Painted in 1798, this is one of the earliest views depicting the industrialisation of Manchester. Serres frames the scene with a foreground of classical serenity and crystalline light which seems to belong to an age rapidly passing. Trees arch delicately into a blue sky. A man punts a boat on the still waters of the Irwell and another fishes while his sweetheart watches. The intricate tower of St Mary’s on the left represents the comforting continuity of the past, while the factory chimney on the Salford bank points to the future, the Victorian era when Manchester would be known as Cottonopolis.
JOHN THOMAS SERRES
1759 - London - 1825
John Thomas Serres was the eldest son of Dominic Serres the Elder, RA (1722-1793), with whom he studied. He was also considerably influenced in his marines by the landscape and theatrical painter Philippe de Loutherbourg (1740-1812). Serres first exhibited at the Royal Academy at the age of seventeen. He taught painting and marine draughtsmanship all his life; his first teaching post was at the short-lived (1779-87) Maritime School in Paradise Row, Chelsea.
Serres was in France to witness the fall of the Bastille in July 1789 and travelled to Italy with letters of introduction from Sir Joshua Reynolds, a colleague of his father. By 1790 he was back in London and the following year married his pupil Olivia Wilmot (1772-1835). In 1793 Serres succeeded his father as Marine Painter to George III and the Duke of Clarence (later William IV). In 1800 he was appointed Marine Draughtsman to the Admiralty. In this capacity Serres was required to sail around the coast of Britain, western France, Spain and the Mediterranean, making drawings of coastlines to aid navigation and locate enemy installations. Some of these were published in The Little Sea Torch, or True Guide for Coasting Pilots (1801). Serres taught drawing at the Chelsea Naval School; he published a book entitled Liber Nauticus (1805-6), which was designed to help students draw ships. It contained plates of different types of vessels after his own works and those of his father.

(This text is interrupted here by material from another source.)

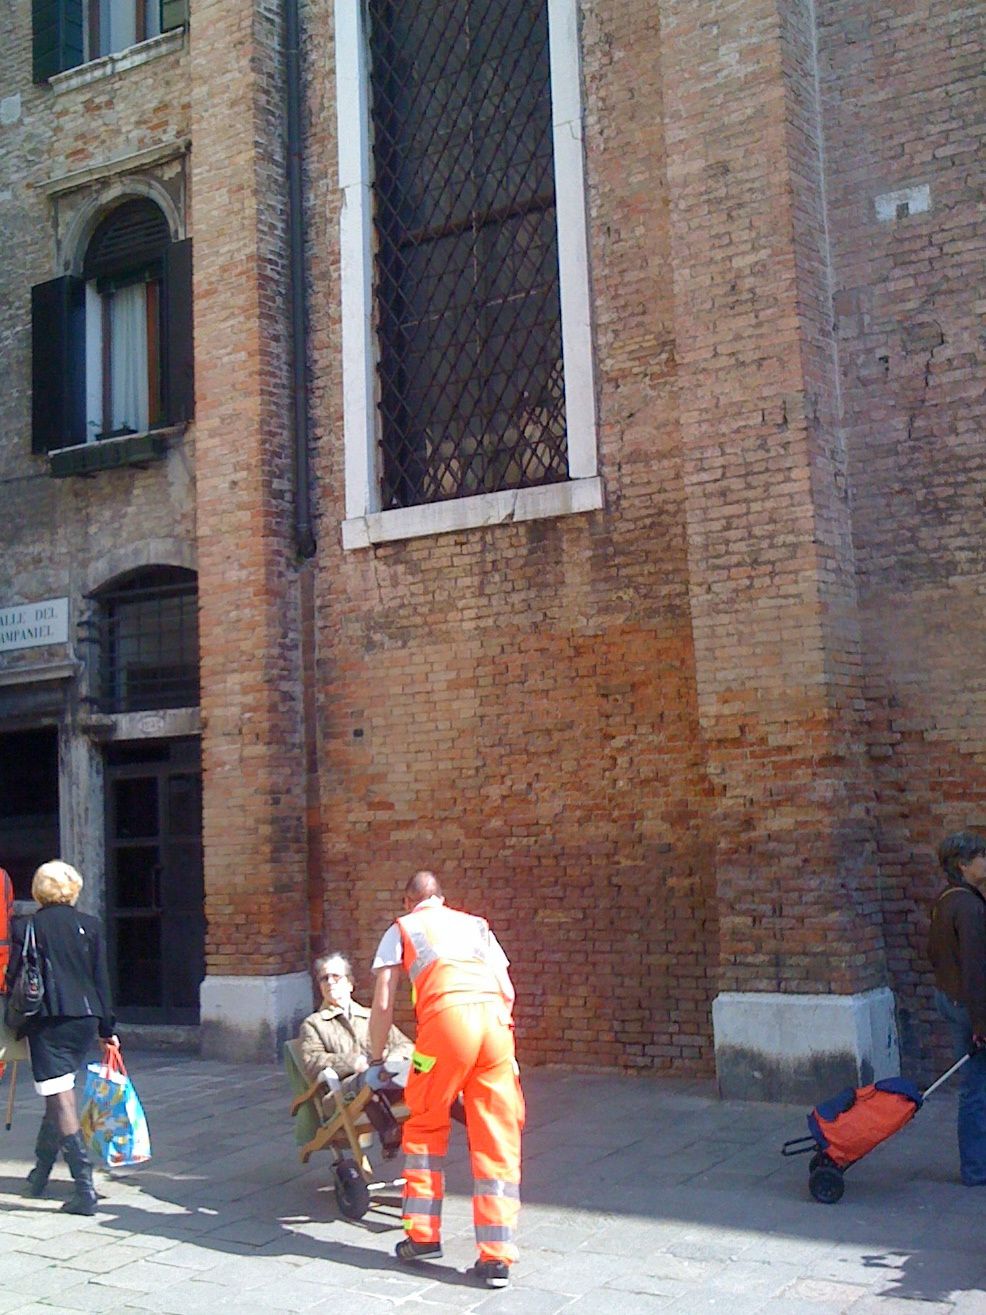 Pour tous ceux qui pensent que Venise est envahie par des hordes de touristes.

Olivia Serres proved to be a compulsive fantasist who committed numerous infidelties and frauds while her husband was absent on Admiralty business, forging bank drafts so that Serres was declared bankrupt. The couple separated in 1802, but in 1804 Serres abducted one of his daughters and was put in prison. In 1806, against all the odds, Olivia was appointed Landscape Painter to the Prince of Wales. In 1817 Serres became one of the proprietors of the new Coburg Theatre and later its scenic director, which further ruined him financially. The same year Olivia began claiming to be the daughter of George III’s brother the Duke of Cumberland, styling herself Princess Olive of Cumberland; her mania lost Serres the patronage of George IV. Serres was imprisoned for debt in 1825 but released in December on grounds of ill-health; he died within the Rules of the King’s Bench on 28th December.
The work of John Thomas Serres is represented in the Royal Collection; the National Maritime Museum, Greenwich; Waddesdon Manor; Eton College and the Victoria and Albert Museum, London.
[1] Michael Nevell, ‘The social archaeology of industrialisation: the example of Manchester during the 17th and 18th centuries’, Archaeology North West, vol. 6, issue 16, 2001-3, p.27. I am very grateful to Dr Michael Nevell for information about the topography of the Serres painting.